LaTeX detector deployed on VisualNeurons

The data and the model: IceVision takes the stage

The data I used consists of a 10k random sample (to speed up prototyping) from the Aida Calculus Math Handwriting Recognition Dataset on Kaggle. Originally composed of 100k images split in 10 batches, this dataset contains photos of a handwritten calculus math expression (specifically within the topic of limits) written with a dark utensil on plain paper. Each image is accompanied by ground truth math expression in LaTeX as well as bounding boxes and pixel-level masks per character. All images are synthetically generated. A selection of three of them is displayed next.

Three images taken from the Aida Calculus dataset

As for the model, I opted for Faster R-CNN. As you can see from the notebook, I achieved ~86.3% mAP in 11 epochs. Each epoch took roughly 20 minutes, training on 8k images and validating on 2k (randomly split), on an ml.p3.2xlarge SageMaker Notebook instance (1 Tesla V-100 GPU). I tried Retinanet and EfficientDet as well, but they were both slower and less performant, so I stuck to Faster R-CNN. As for the training itself, I used the rock-solid lr_find + fine_tune fastai approach.

Fast experimentation (a key factor for success in most ML projects) was entirely made possible by adopting the IceVision (IV) library. For the ones who are not familiar with it, IV streamlines computer vision tasks, providing a concise and effective API allowing users to parse data and train models in a few lines of code. Getting such pipelines right is notoriously difficult, as they generally require a lot of custom boilerplate code, which is not flexible and very error-prone. If you take a look at my notebook, you’ll notice how IceVision addresses all those pain points in a super clean way. The library started as an Object Detection framework mainly, but it is expanding rapidly to cover a lot more than that. Check it out, we are a very vibrant and welcoming community on Discord.

Architecting on AWS

The web app architecture is quite standard for an ML-based deployment, identical to the Fast Neural Style Transfer one, described here. Its simplicity and elegance clearly speak in favour of the flexibility and robustness of a serverless solution. Another huge benefit to keep in mind is that, for low traffic applications, Lambda is significantly cheaper than any other deployment option. The smallest SageMaker machine costs ~50 USD/month, given it is up and running 24/7. The underlying pillar of serverless is that, well it is server-less, so you pay for each function invocation, making it ideal for a toy project. The workflow unrolls as follows:

The website (VisualNeurons), is hosted as a static site on a public S3 bucket, with Amazon Route 53 redirecting internet traffic to it automatically.
The user uploads a picture with the handwritten math expression he wishes to submit to the model.
By hitting Extract LaTeX! a POST request is sent to a REST API, deployed via Amazon API Gateway, with the base64-encoded image as payload.
The API triggers an AWS Lambda call, which basically consists of invoking its `handler` function. This is where the magic happens.
1. The Faster R-CNN model is defined and loaded from disk.
2. The image is decoded from base64 (here)
3. converted to PIL (here)
4. and transformed (turned into a Torch Tensor, resized and normalized). This is specifically achieved by loading the image into a Dataset.
5. A Dataloader is created on top of the Dataset and a batch (of size 1) is passed through the model for inference (here).
6. Bounding Box predictions and related labels are drawn on top of the original image.
7. Padding (added during step 4) is removed
8. and the resulting PIL image is base64-encoded and wrapped into a JSON to be sent back as a POST response (here).
Lambda returns a JSON to the frontend. JavaScript reads it and displays the image on a canvas.

The big novelty here occurs at step 4, which is entirely wrapped inside a Docker image. We’ll dive into it in the next section.

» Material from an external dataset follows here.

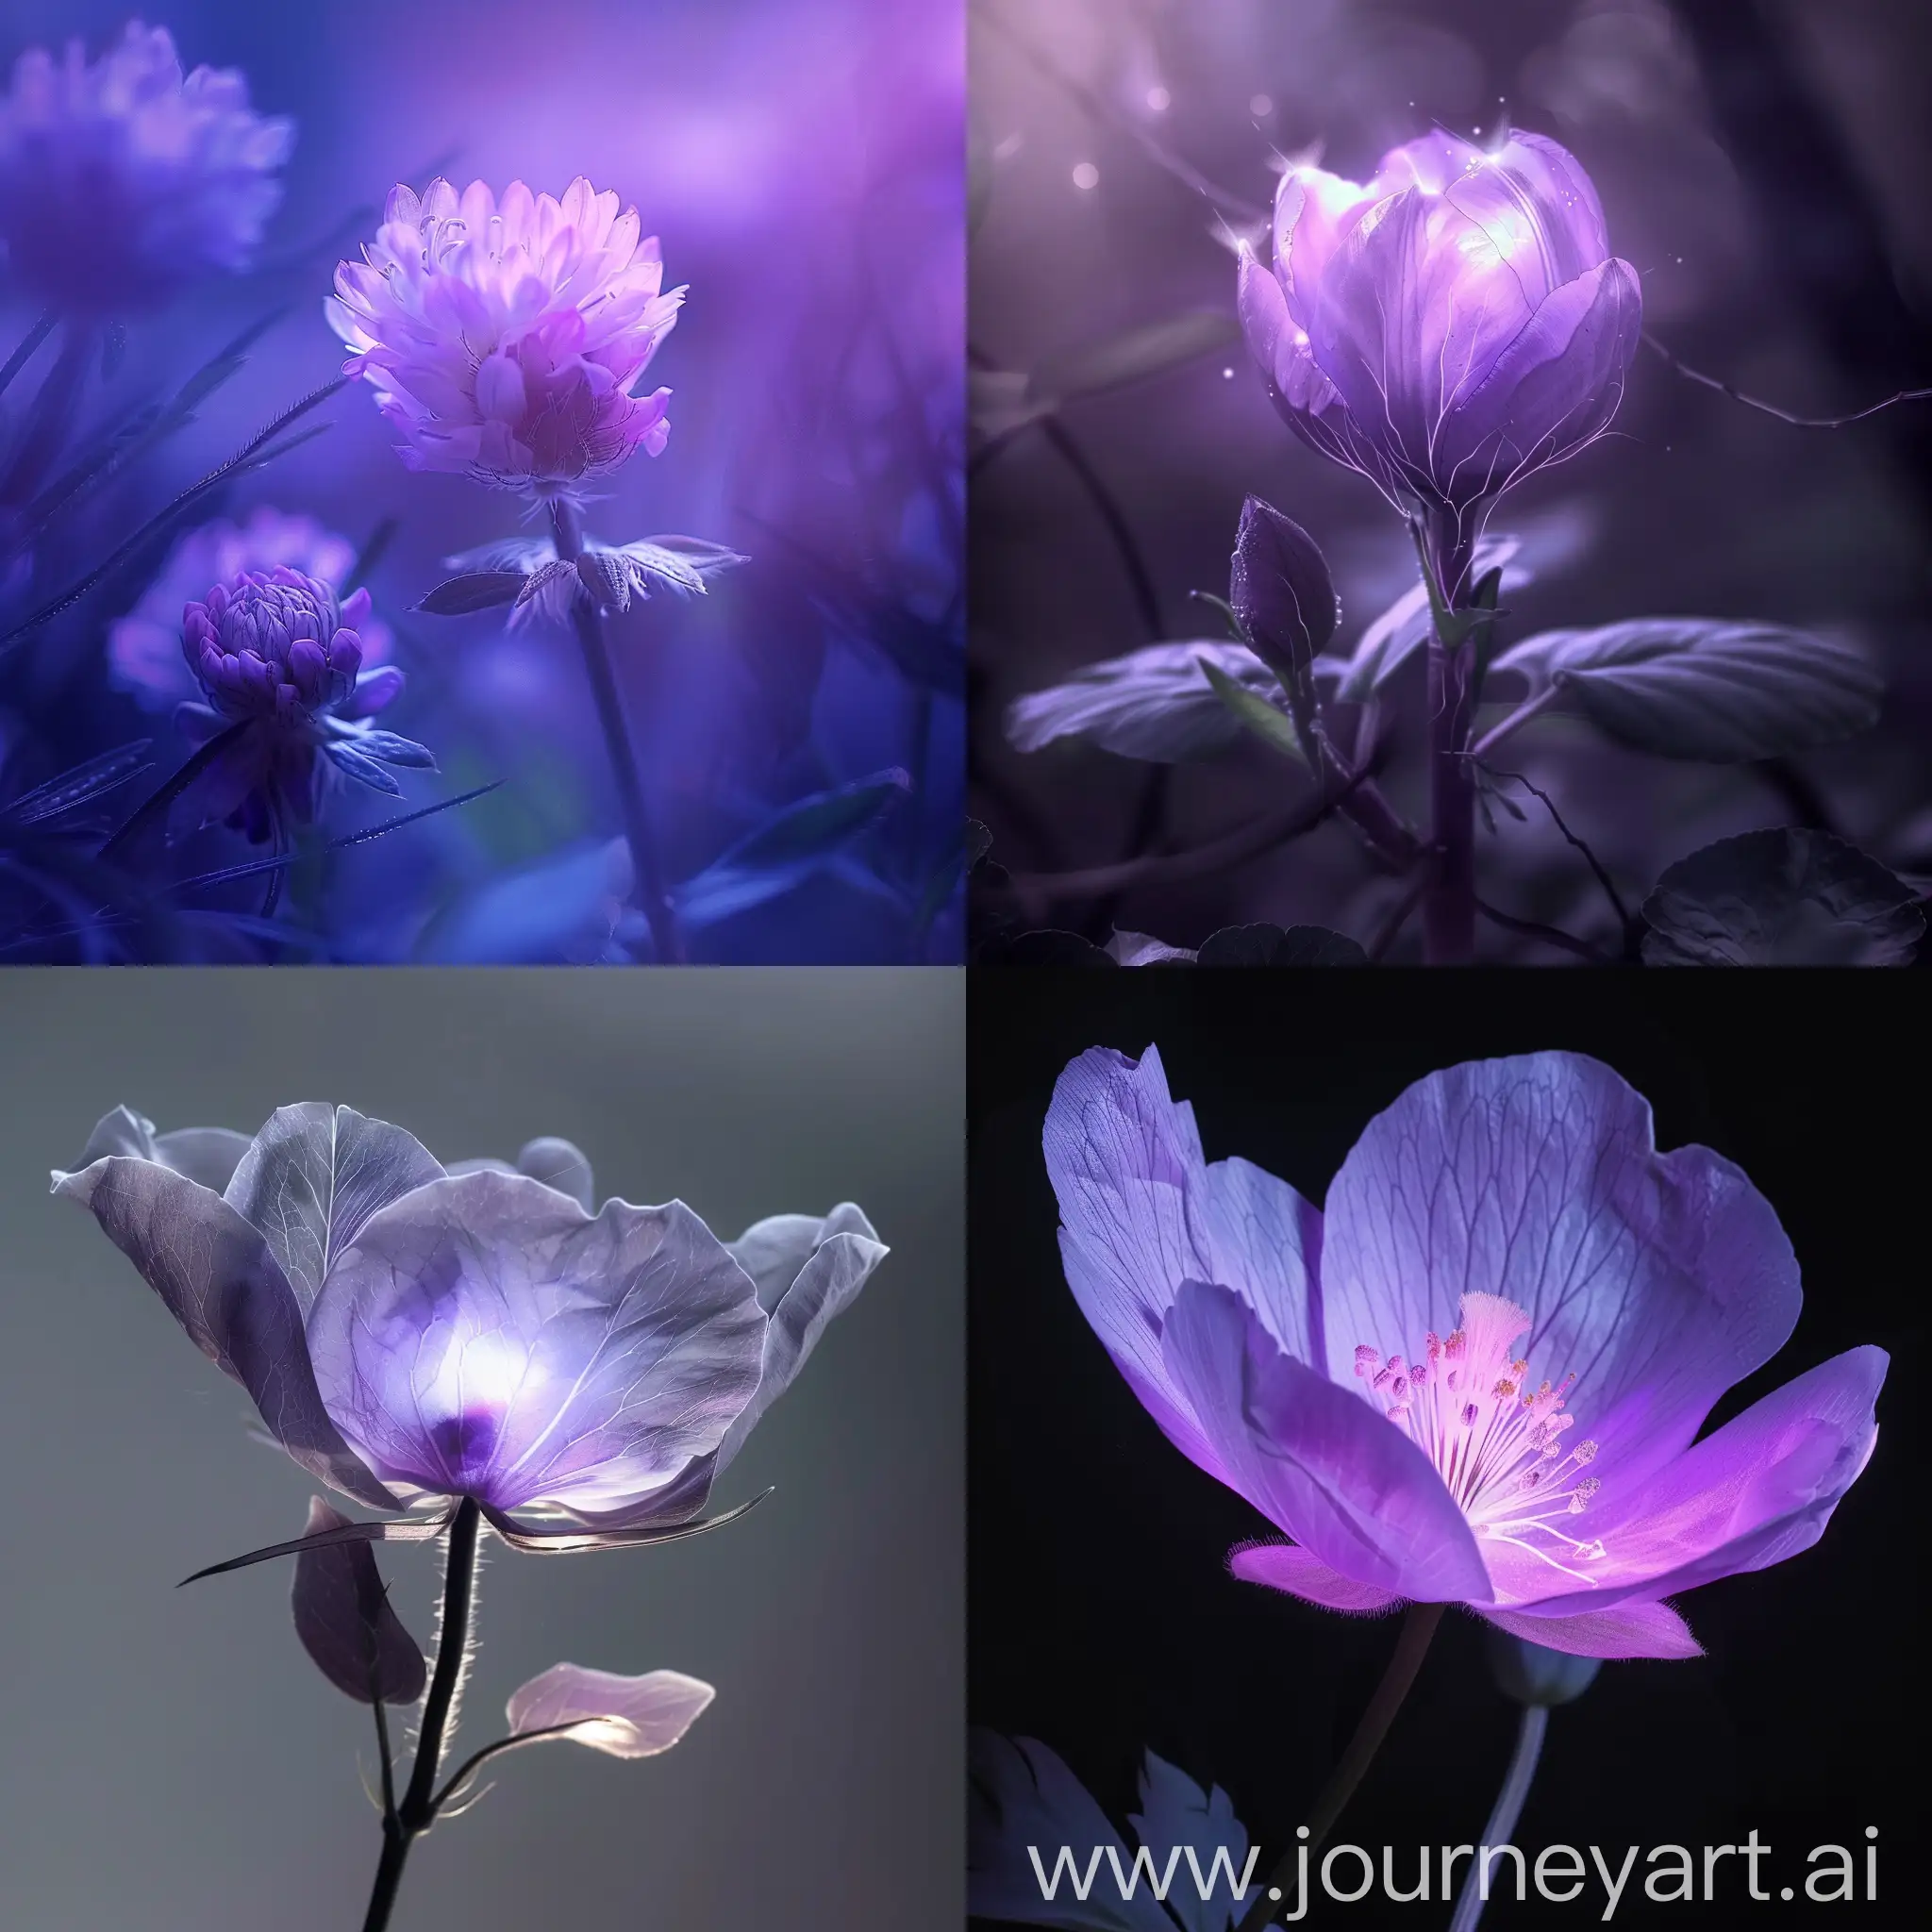 Ethereal-Violet-Flower-Still-Life-Illuminated-by-Soft-Light

Get Docker to work on AWS Lambda

This post does a terrific job at walking you through the setup of a Lambda-compatible Docker image. I mostly followed it, with a mix and match of a couple of additional AWS resources, and direct help from Danilo Poccia himself, when I hit a big roadblock on my way. Let’s review in detail what I did.

Write your Dockerfile

This is the obvious first step: put together a Dockerfile to build your image. Do it locally, of course. You want to be able to quickly iterate, test, and debug whatever might be going wrong before moving to the cloud.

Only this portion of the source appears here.